→ **What needs to be done**: Go to the line below containing "صراخ وفوضى في" and print exactly from there through the line containing "Chubby children's fork", both included. Print nothing else.

→ **Records for this exercise**:
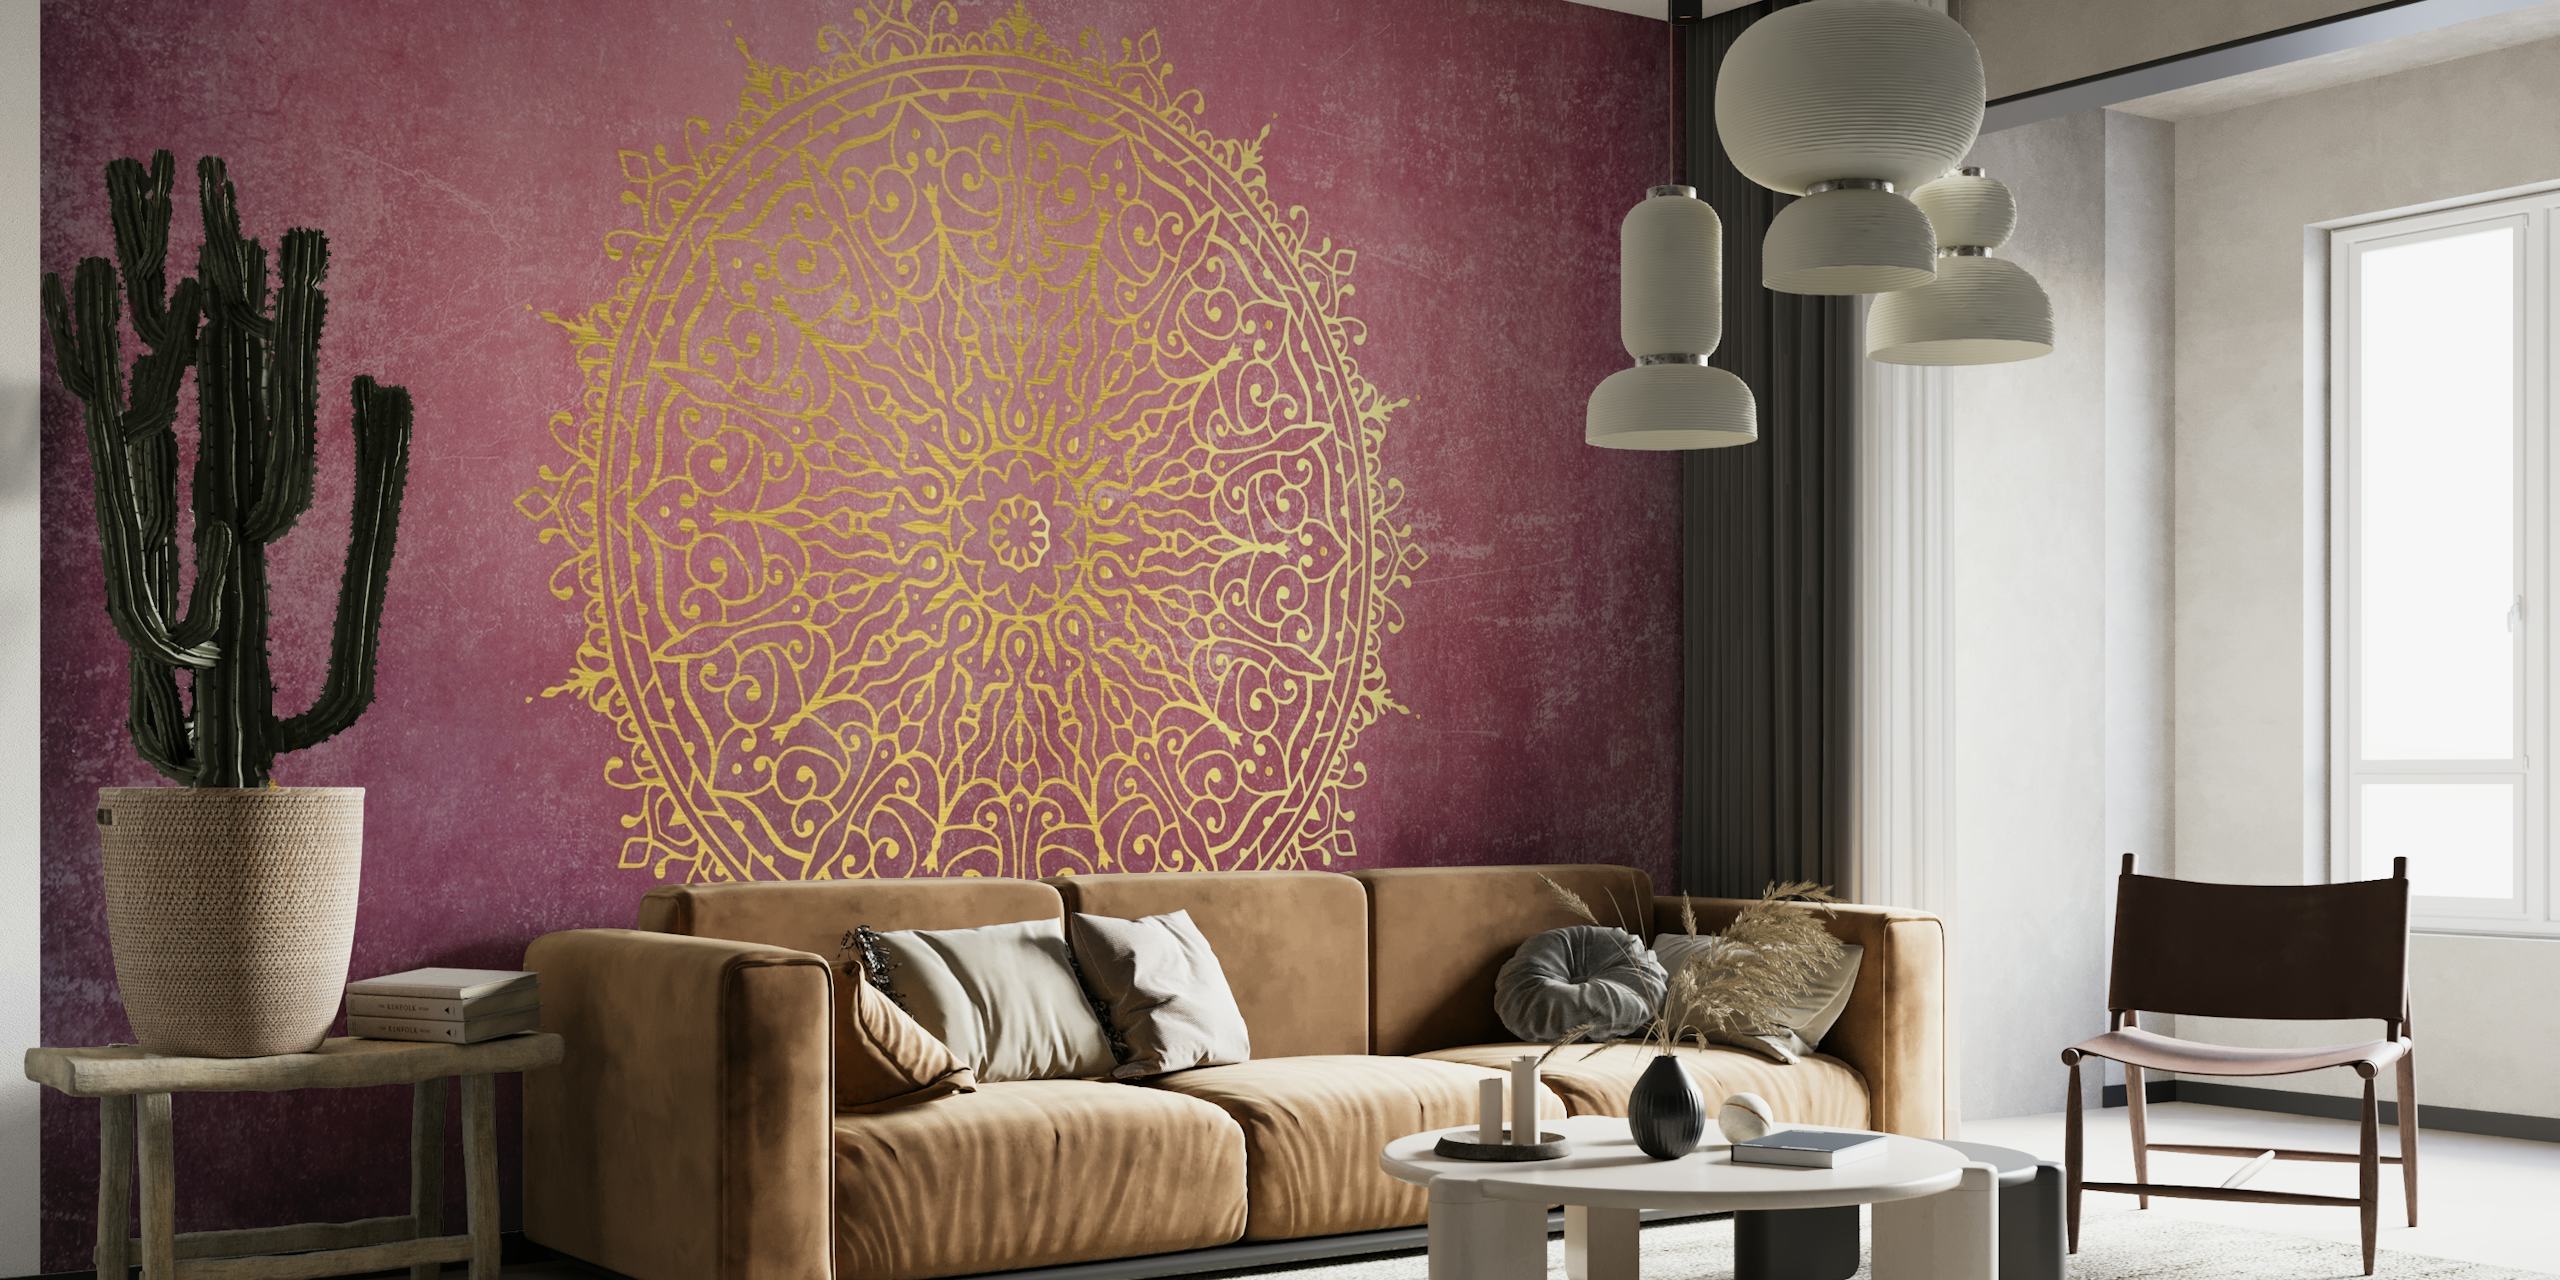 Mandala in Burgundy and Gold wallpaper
==
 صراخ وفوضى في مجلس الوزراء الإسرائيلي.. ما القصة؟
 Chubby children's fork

→ **Expected answer**:
 صراخ وفوضى في مجلس الوزراء الإسرائيلي.. ما القصة؟
 Chubby children's fork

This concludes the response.